**Source material:**
* * *

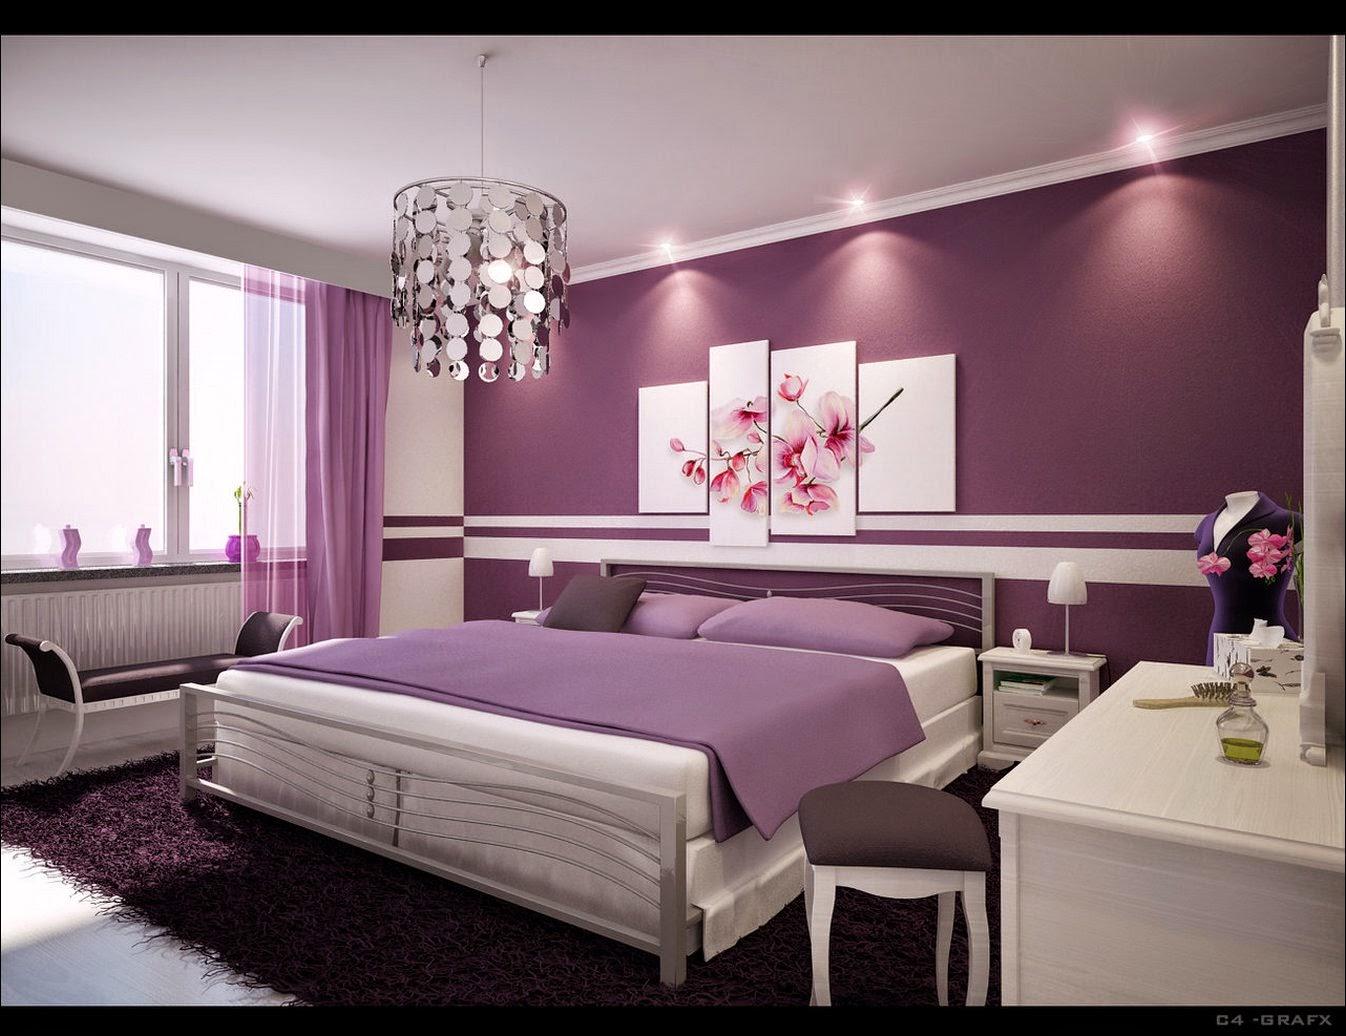 Beautiful bedroom design free download wallpaper - Wallpaper design for bedroom ...
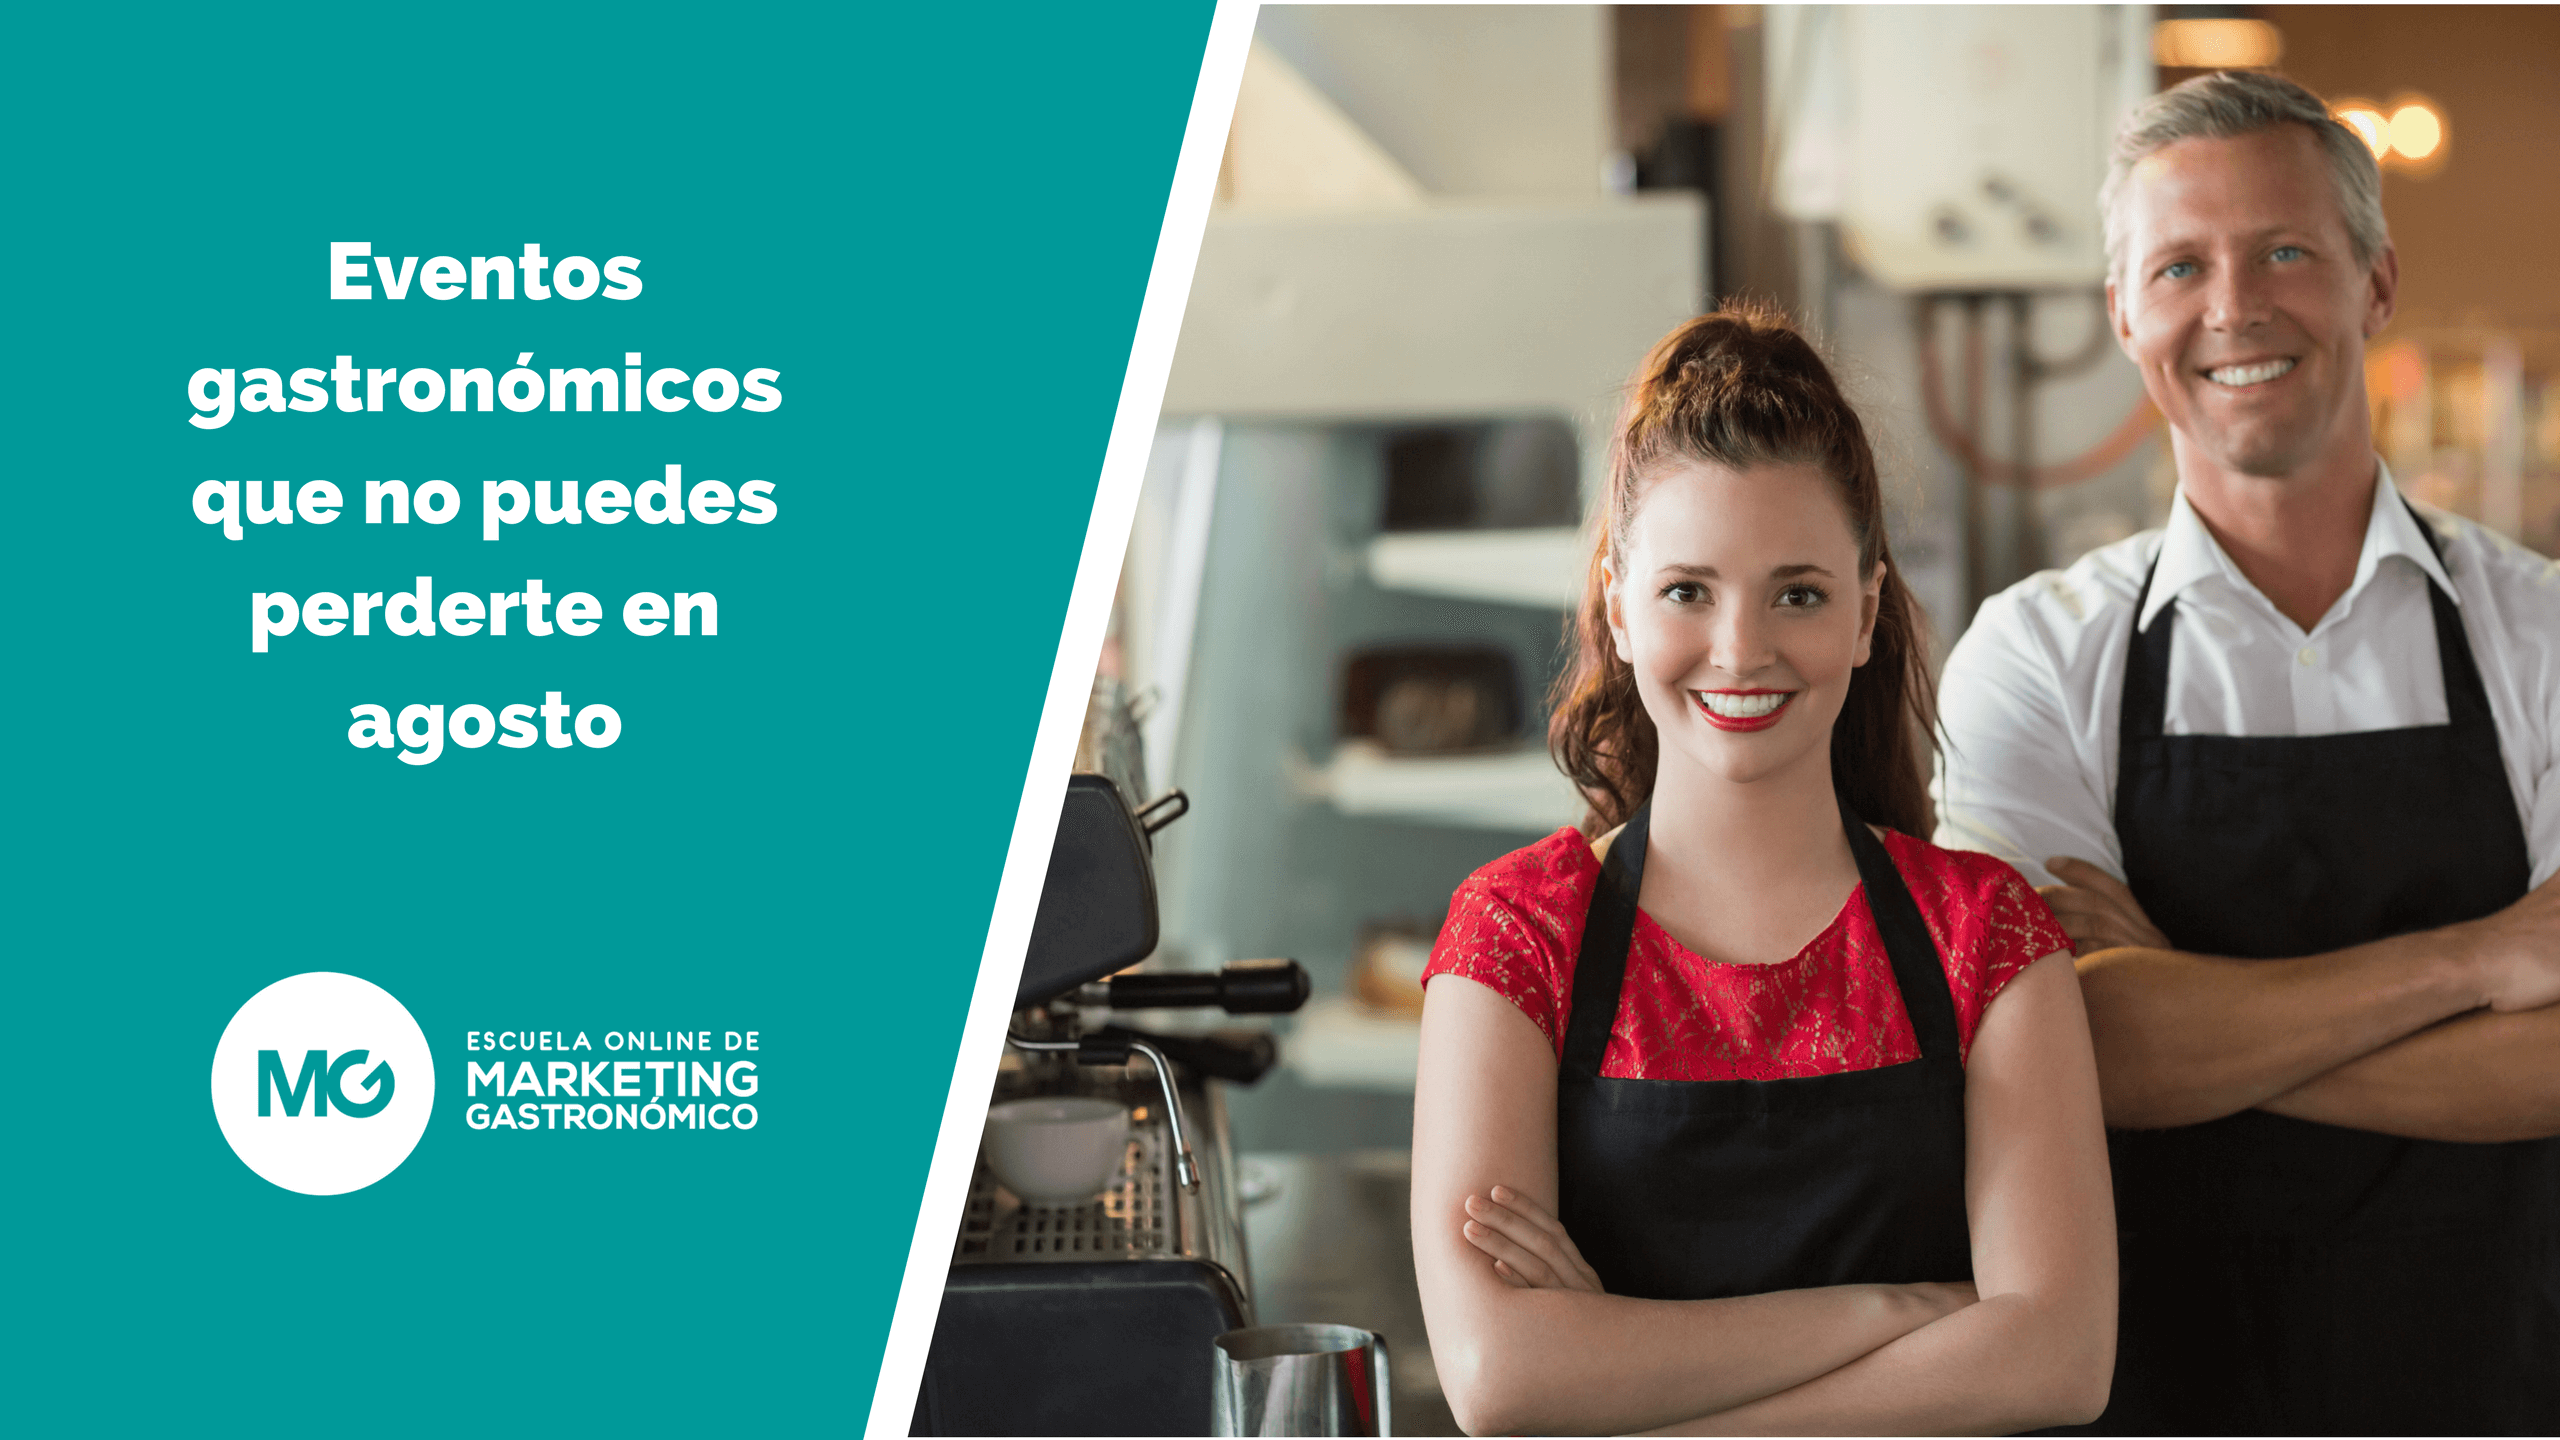 marketing gastronómico erika silva
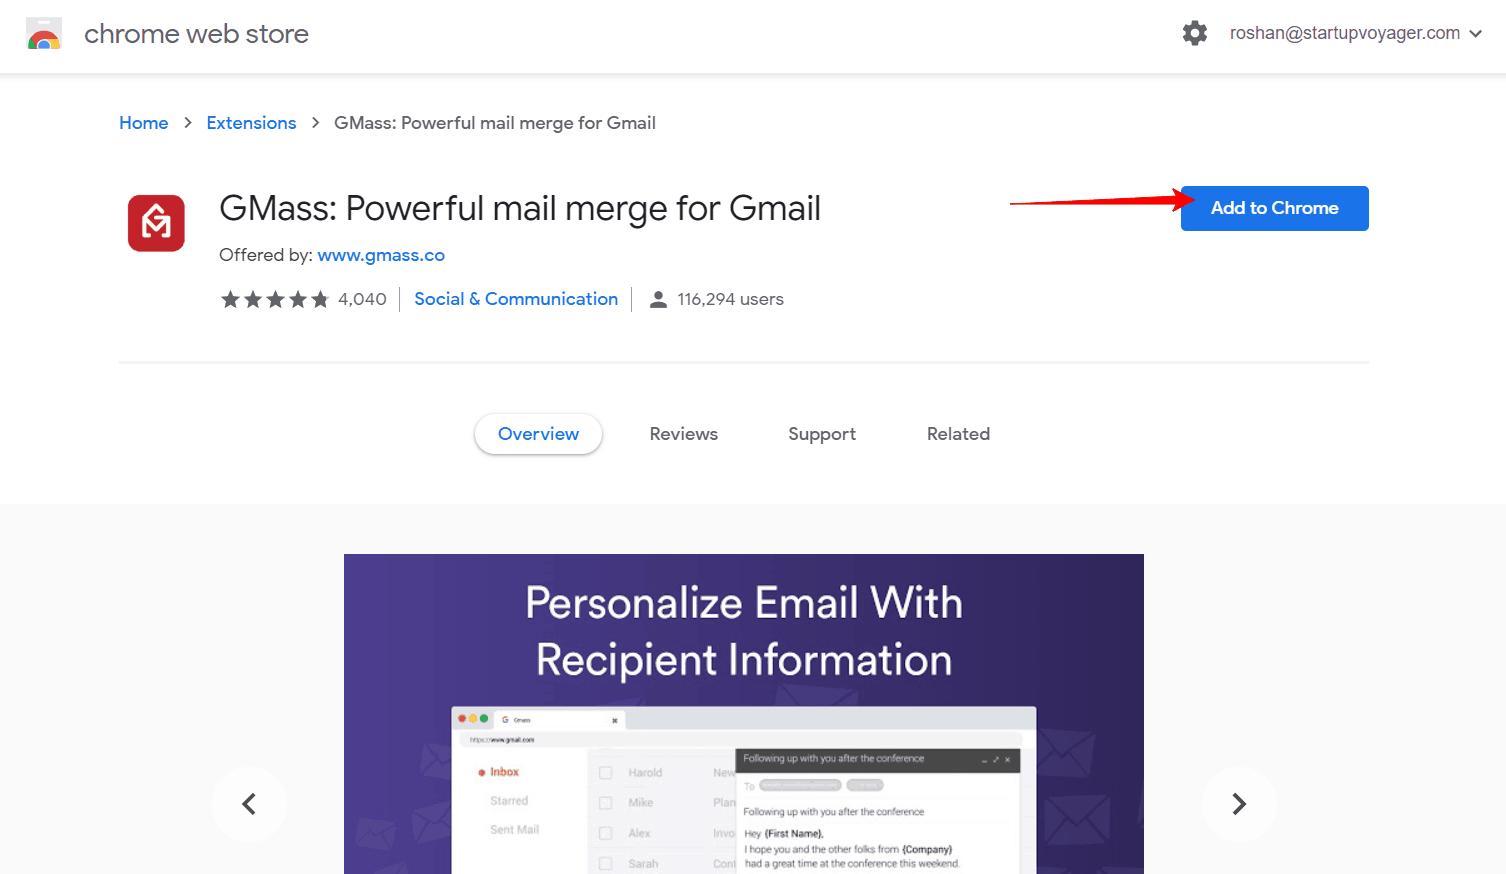 GMass Chrome Web Extension page.

* * *

**To do:**
Repeat the full listing above exactly, with no pictures in the copy.

**Response to the exercise:**
 Beautiful bedroom design free download wallpaper - Wallpaper design for bedroom ...
 marketing gastronómico erika silva
 GMass Chrome Web Extension page.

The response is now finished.